28 Mart 2015 Cumartesi

Osmanlılar Fethettikleri Yerlerin Dilini ve Dinini Neden Değiştirmedi?

Bir toplumun dilini zorla değiştirip onlara başka bir lisanı dayatmak zulümdür. Osmanlı Devleti böyle bir şeye teşebbüs etmemiştir. Fakat ne olmuştur. Farklı ırklara mensup insanlar herhangi bir zorlama olmadan, zamanla Türkçeyi öğrenmişlerdi, kendi dillerini de muhafaza etmişlerdir. Türk unsurunun yaşadığı yerlerde, Arap coğrafyasından Macaristan'a kadar birçok bölgede Türk dilinin etkisini görmek mümkündür. Bugün Mısır'a gittiğinizde halkın lisanında yüzlerce Türkçe kelimenin yaşadığını görebilirsiniz.
Din tarafına gelince, Osmanlı Devleti yaptığı seferleri "İ'la-yı kelimetullah", yani Allah'ın dinini yaymak için yapmıştır ve İslam dinini de çok güzel bir şekilde yaymıştır. Fakat dinde zorlama yoktur. Osmanlılar kimseyi, hiçbir kavmi, topluluğu zorla Müslüman yapmamışlardır. Osmanlı adaleti, Müslümanların temiz ahlak ve davranışları gayrimüslimlerin de zamanla İslam'la şereflenmesine vesile olmuştur. Bugün Arnavutluk'ta, Bosna'da, Kosova'da vs. birçok yerdeki Müslümanlar bunun delilidir. Osmanlı tarih kaynakları ve Osmanlı Arşivi'ndeki vesikalar bize, yüz binlerce gayrimüslimin İslam'la şereflendiğini göstermektedir.
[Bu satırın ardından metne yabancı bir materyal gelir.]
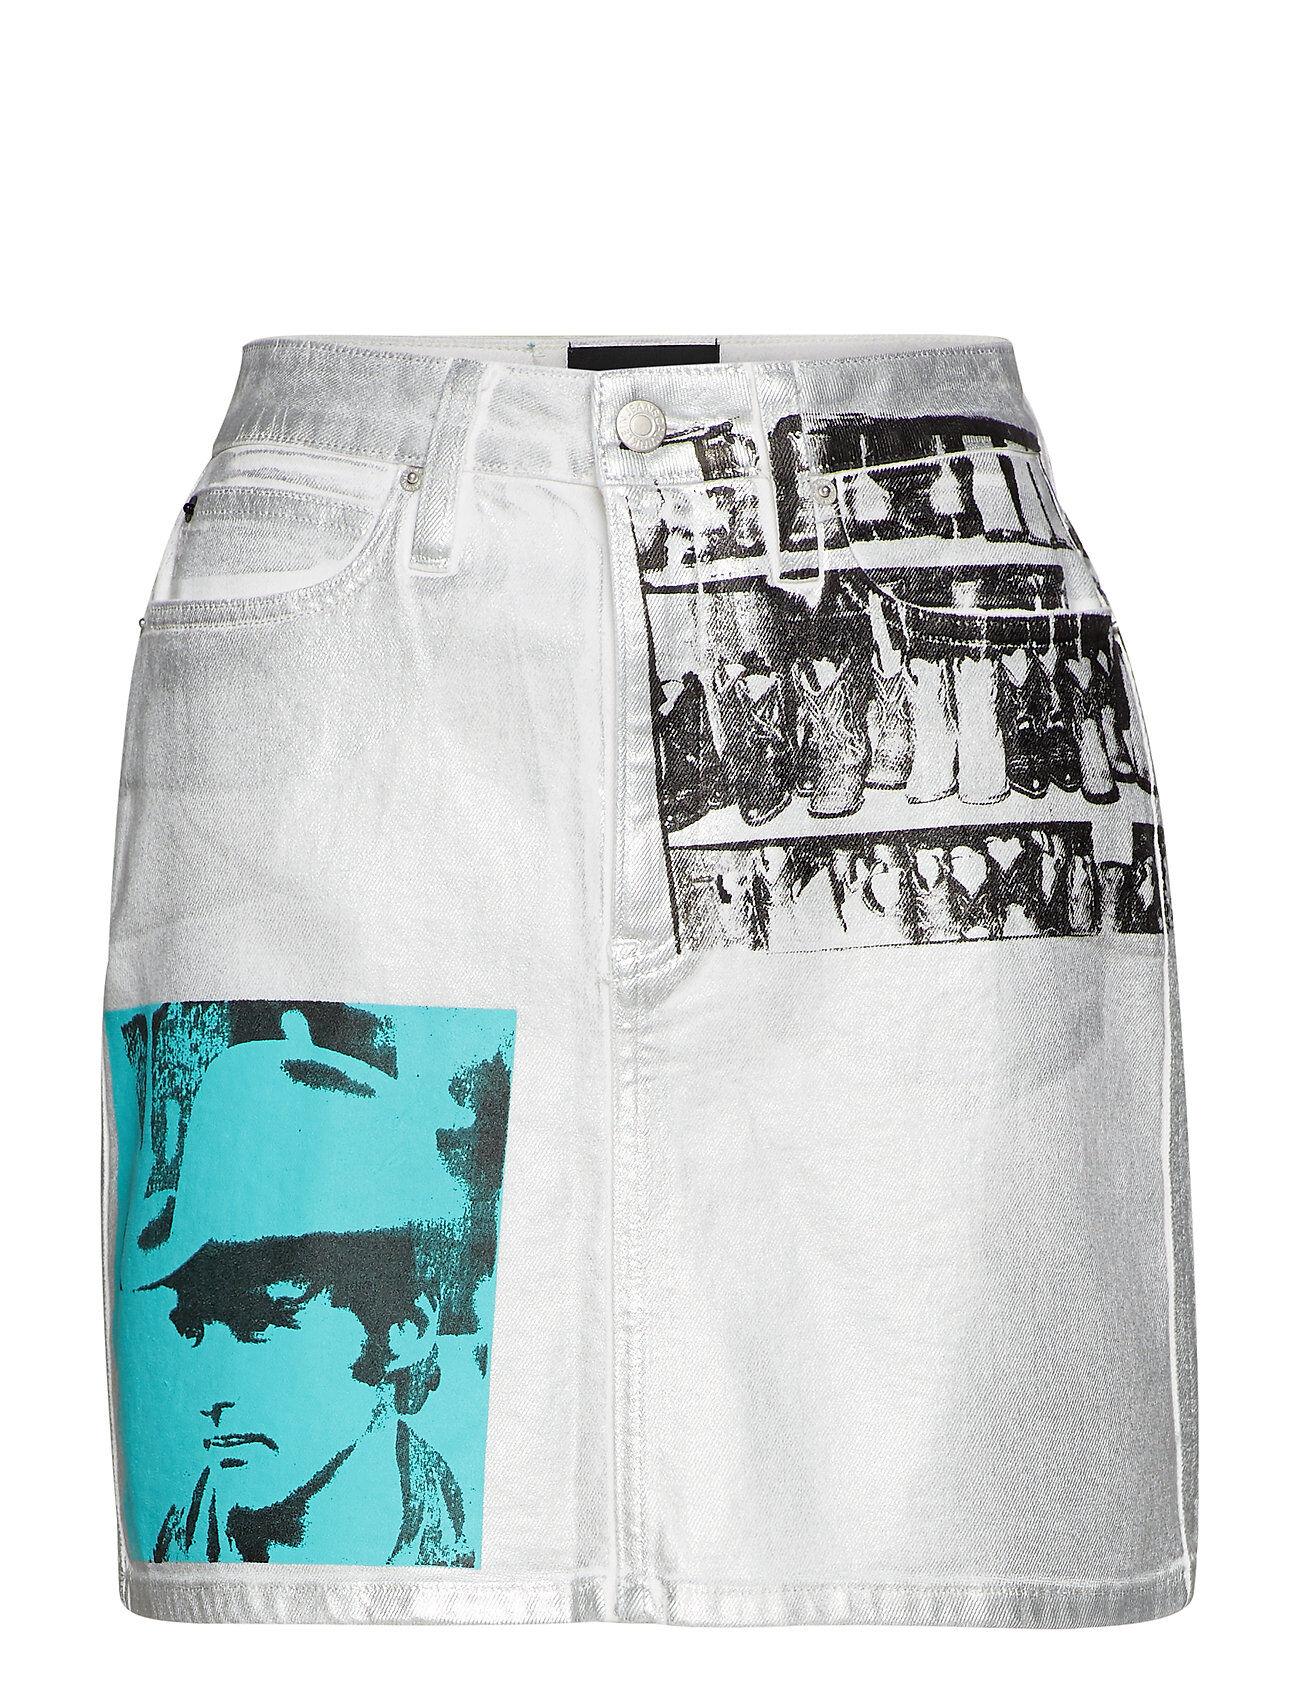 Image of Calvin High Rise Mini Skirt Lyhyt Hame Sininen Calvin Klein Jeans

Bu sadece Balkanlar için sınırlı değil, bilhassa Afrika ve Ortadoğu'da 400 yıl kalan Osmanlı Devleti değil de başka bir devlet olsaydı belki Müslüman ülkelerin sayısı parmakla gösterilecek kadar az olurdu.
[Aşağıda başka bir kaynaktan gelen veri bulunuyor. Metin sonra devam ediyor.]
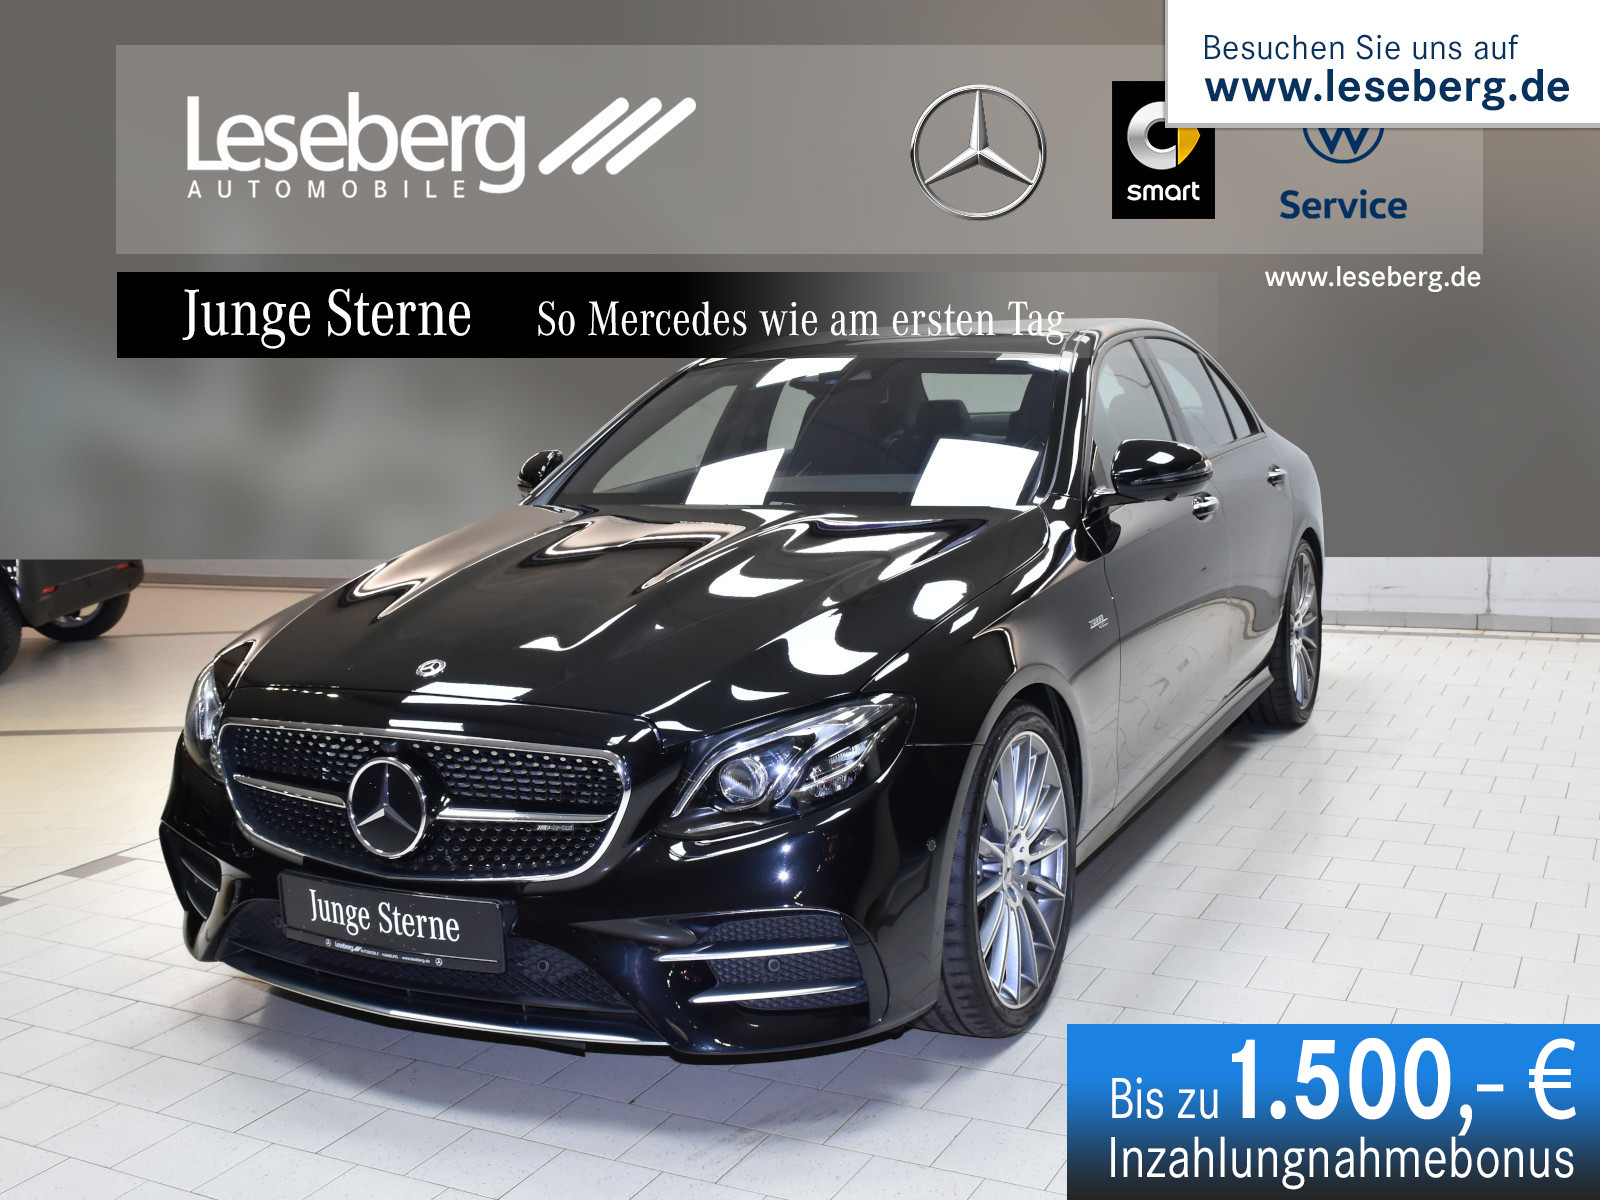 Mercedes-Benz Mercedes-AMG E 53 4MATIC+ Pano/Distr/360°/AHK, Jahr 2019, Benzin

Eserlere gelince sadece Balkanlar'ı incelerseniz Osmanlı'nın binlerce eserini görürsünüz. Üç kıtada hükmettiği toprakların Osmanlılar, medeniyet eserleriyle adeta süslemişlerdir. Sömürmediği içindir ki, yüzyıllarca insanlar buralarda huzur içinde yaşamışlardır.
Bugün bazı dillerin yaygın olmasının sebebi, bu dilin yayıcısı devletlerin insanlığa hizmet ve medeniyet götürme gayesiyle olmayıp, tamamen sömürme ve zenginlikleri kendileri için kullanabilme gayesiyle olmayıp, tamamen sömürme ve zenginlikleri kendileri için kullanabilme gayesi içindir.
Bu devletler, gittikleri yerlerde sömürgeci bir zihniyet ile hareket etmişler, üstüne çöreklendikleri toprakların sadece tabii zenginliklerini sonuna kadar sömürmekle kalmamışlar, bu topraklar üzerinde yaşayan yerli halkın dilini ve dinini de bu devletlerin hareket ve düşünce tarzı tamamen biribirinden farklıdır, kabil-i kıyas değildir.
Şunu da unutmamak lazımdır ki Osmanlı Devleti adaletle ve hakkaniyetle dört asır dünya hakimiyetini elinde bulundurmuştur. Bugünkü devletlerin dünya hakimiyeti ise daha 50-60 yıllıktır.